Z punktem 6 wniosków pierwszych zgadzam się w zupełności. Jeśli chodzi o wybór moto i charakterystyki silnika, na swoim miejscu wybrałbym układ V i takiego będę szukał. A że kiedyś miałem wiele wspólnego z muzyką to doznania dźwiękowe pochodzące z silnika V są dla mnie jak muzyka ;). Natomiast ogólnie nie mogę się z Tobą zgodzić, motocykliści są cały rok gdzie-nie-gdzie. Wystarczyło sprostować, że może w pobliżu Twojego miejsca zamieszkania, lub zasięgu wzroku nie ma, bo nawet podczas porannego deszczu i niezbyt sprzyjającej aury widziałem kilku (i pewnie jeszcze nie jednego spotkam). Po drugie, po Twoich 2000 doświadczenia nie uwierzę w zdanie typu - za miękkie zawieszenie. Masz porównanie? Albo doświadczenie do oceny? Po trzecie - brak mocy przy większych prędkościach. No 'łał'... dziwnym nie jest, że przy 200 km/h moto nie przyspiesza jak od 0-100. Poza tym, też mógłbym się dziś trochę pokłócić i dywagować w różny sposób, bo mam taki nastrój po przeczytaniu tego wpisu, ale co tam... Nie chcę być nie miły (zbytnio). Pozdrawiam jednak ciepło i życzę jeszcze większej ilości nawiniętych kilometrów! :)

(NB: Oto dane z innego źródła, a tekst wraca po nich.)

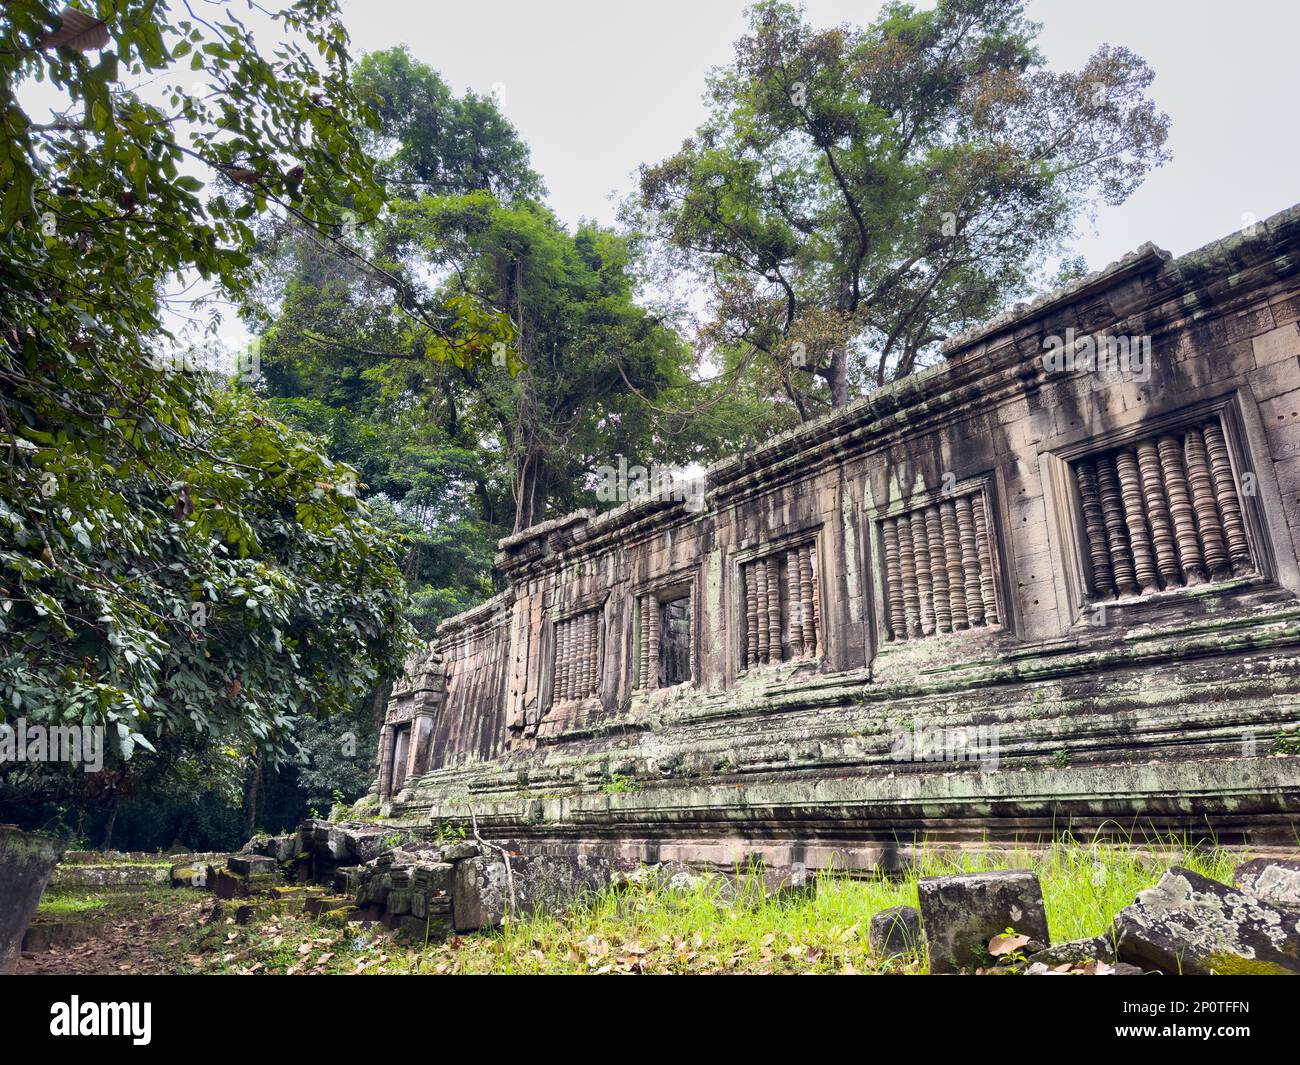 One of two Khleangs, or storerooms, behind the 12th century Prasat Suor Prat towers opposite the Elephant Terrace within Angkor Thom in Cambodia. Stock Photo
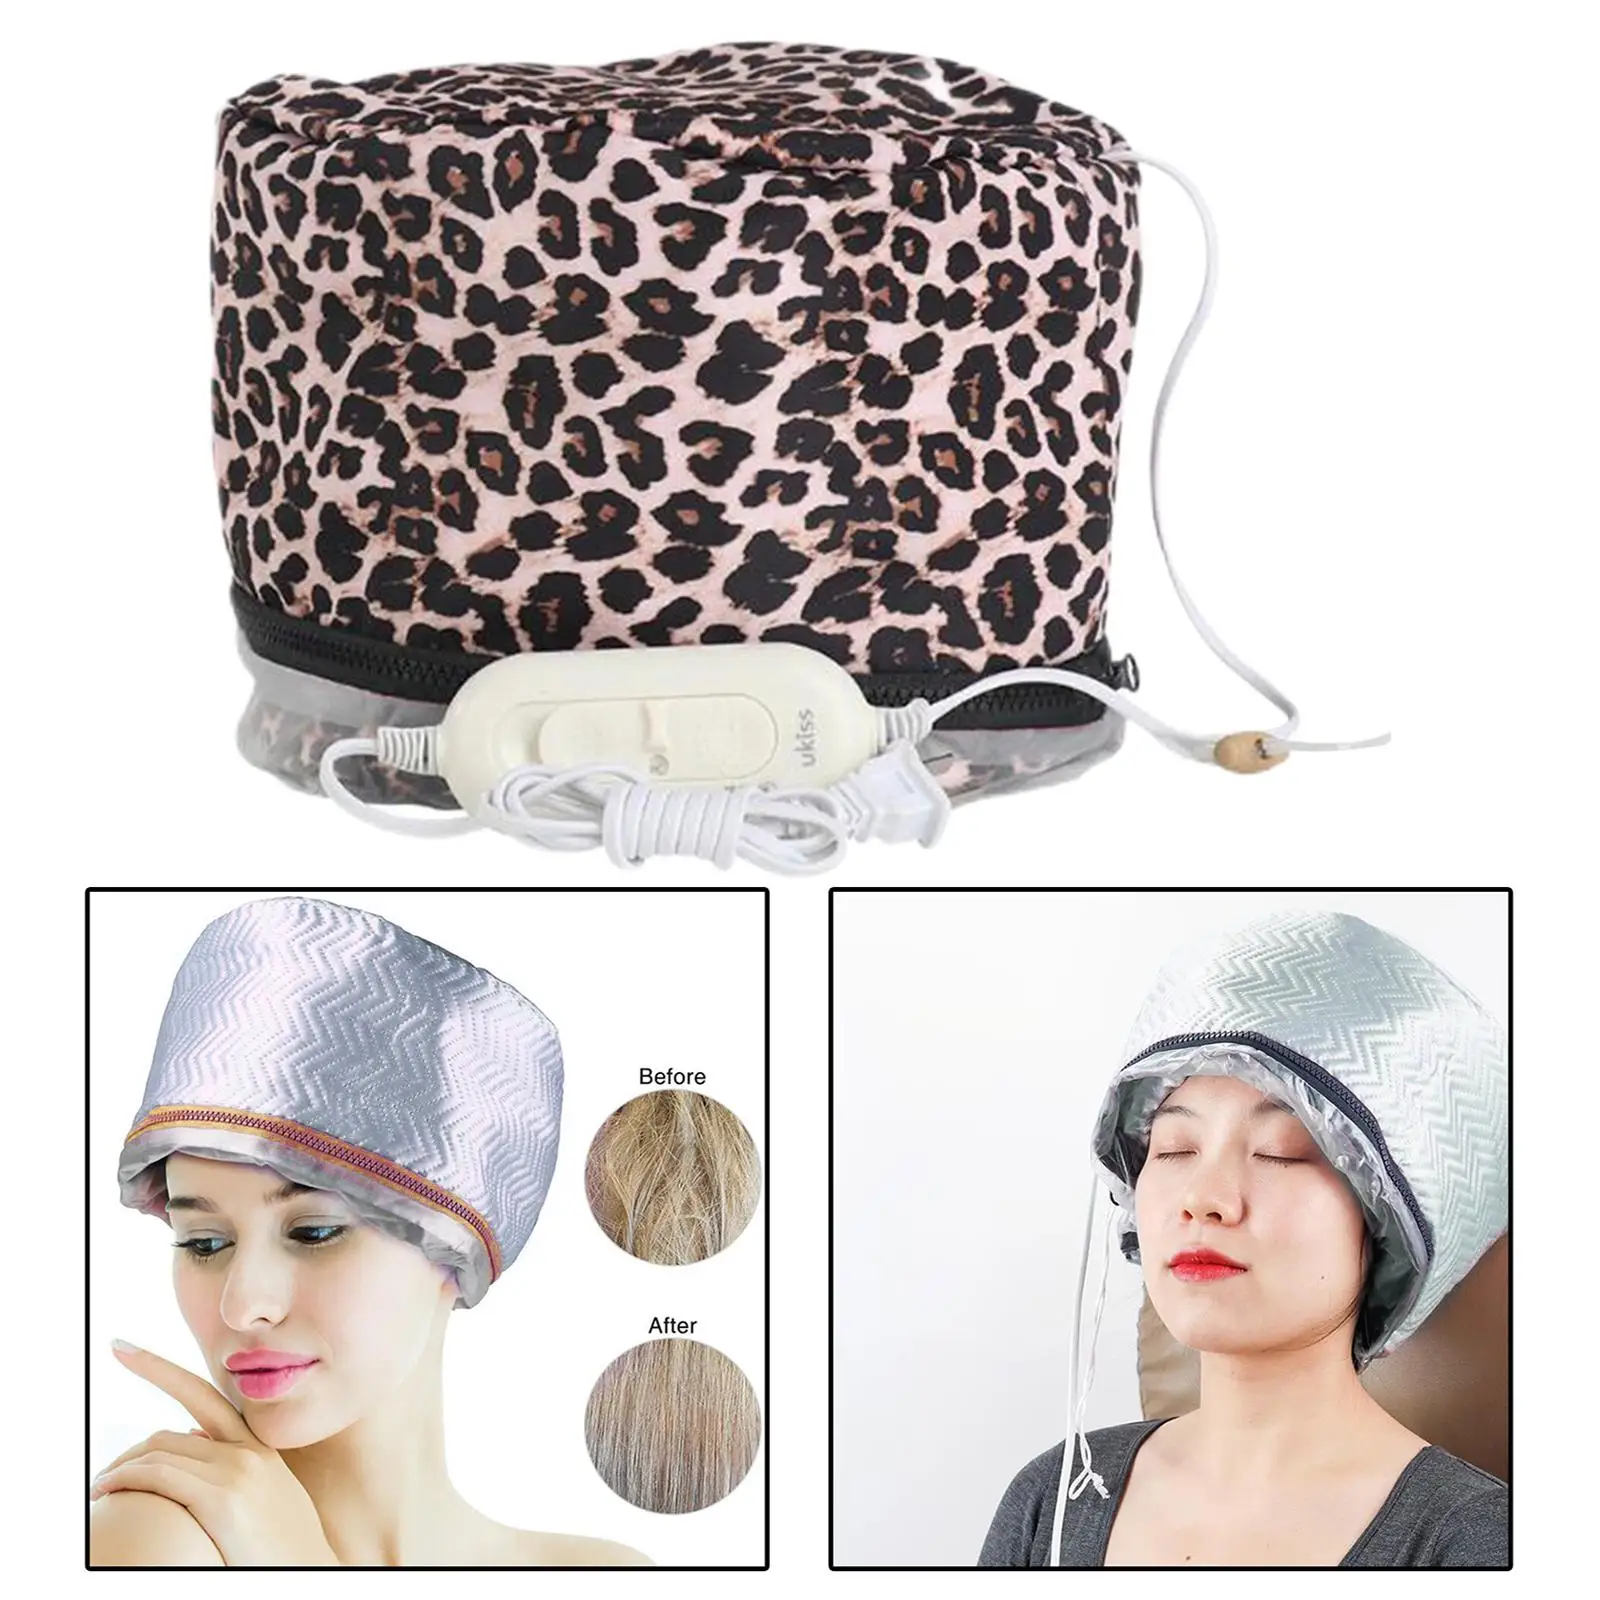 Hair Care Steamer Hat Deep Conditioner 110V Thermal Hair Caps 3 Modes Temperature Control Leopard Print Family Personal Care US

2010-10-25 09:55:03 bandziorro

4.Nie ma motocyklistów wraz z nadejściem 10-tego miesiąca roku. (????)
Ja jestem. Wczoraj na 3 motongi jechalismy do Krakowa i z powrotem -z Warszawy.

Po drodze mijalismy TABUNY motocyklistow. Dzis rano jadac do pracy rowniez mijalem innych motonitow.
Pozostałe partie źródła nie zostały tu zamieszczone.